===== INFORMATION PROVIDED
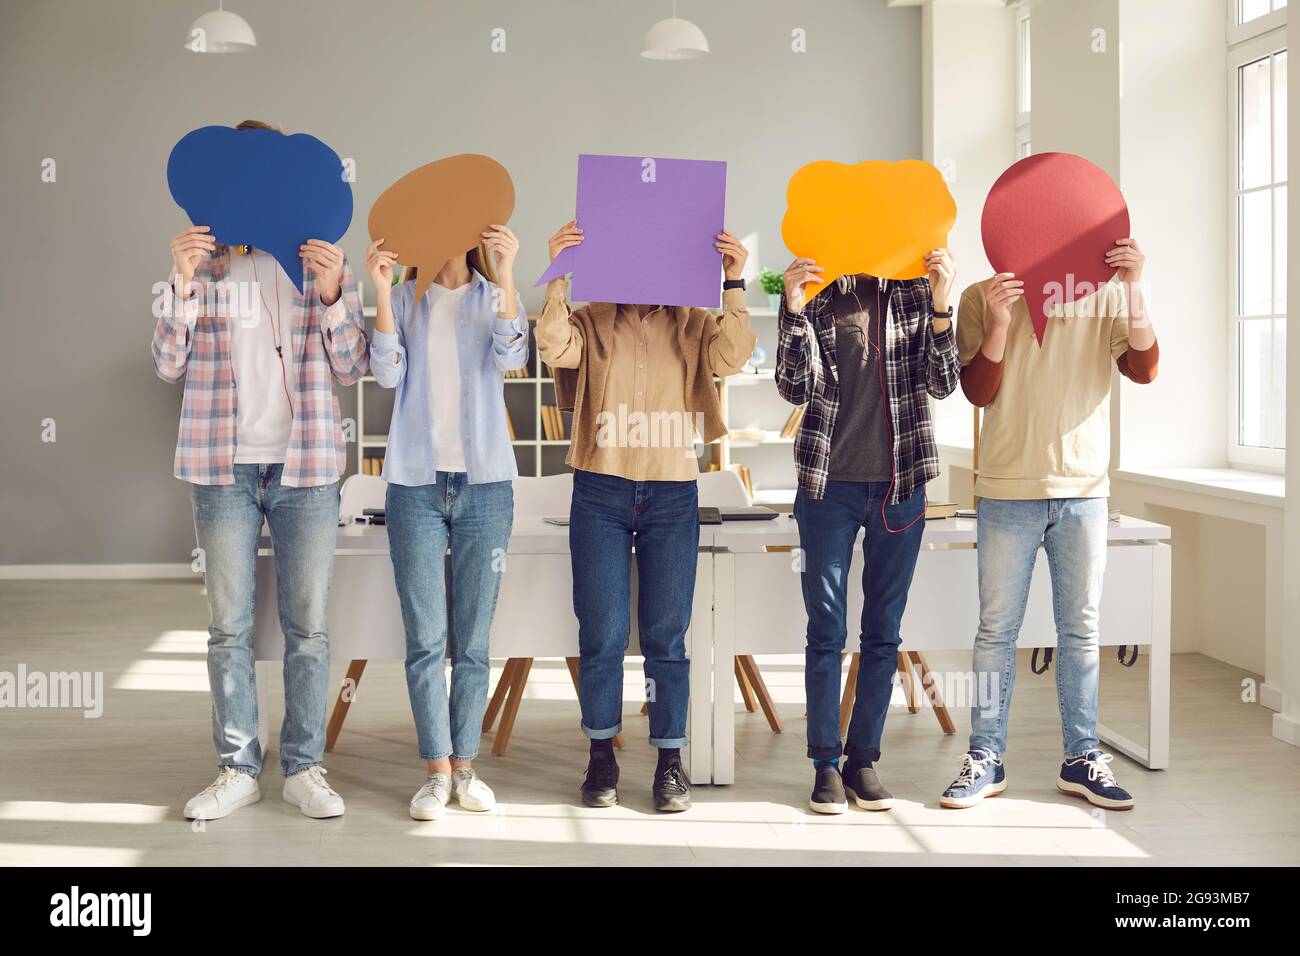 Group of college students covering faces with colorful paper mockup speech bubbles Stock Photo
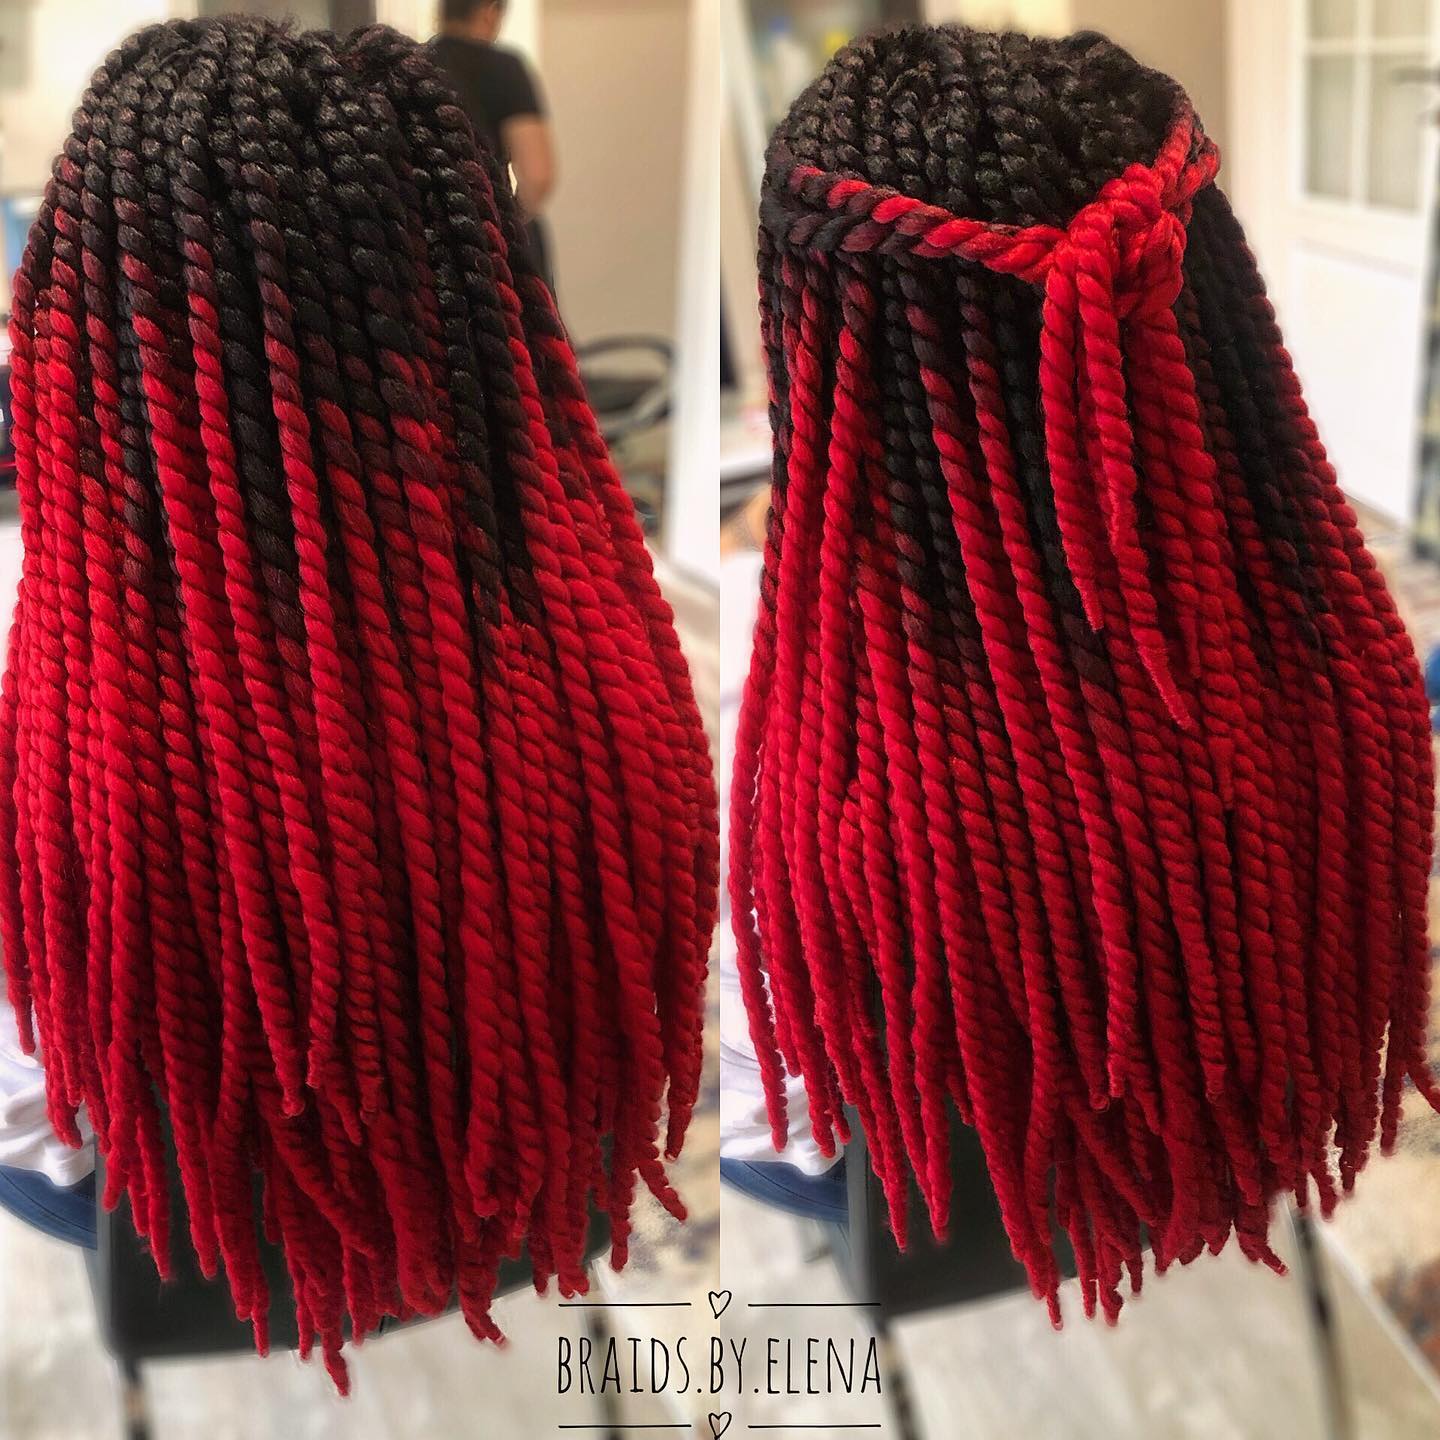 Black to Red Ombre Twist Hairstyle on Long Thick Hair
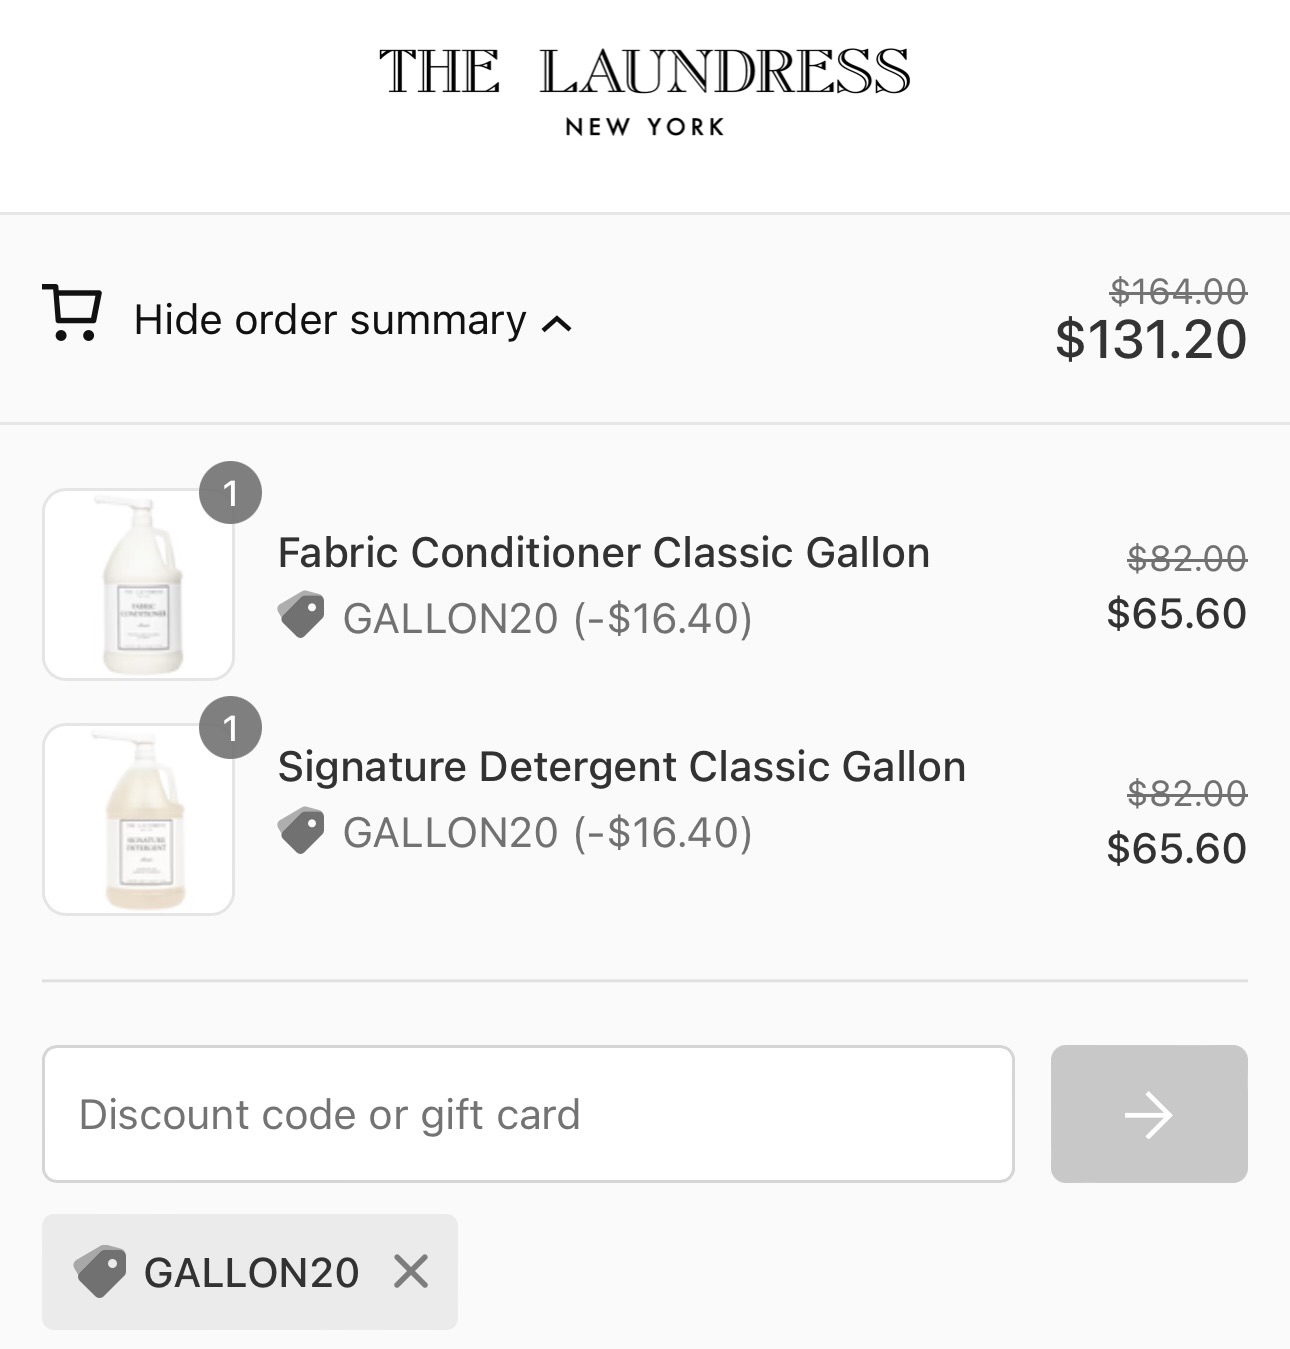 Gallons – The Laundress
==========
REQUIREMENT
All of the lines above must be repeated without alteration, though the pictures are to be excluded.

SOLUTION
 Group of college students covering faces with colorful paper mockup speech bubbles Stock Photo
 Black to Red Ombre Twist Hairstyle on Long Thick Hair
 Gallons – The Laundress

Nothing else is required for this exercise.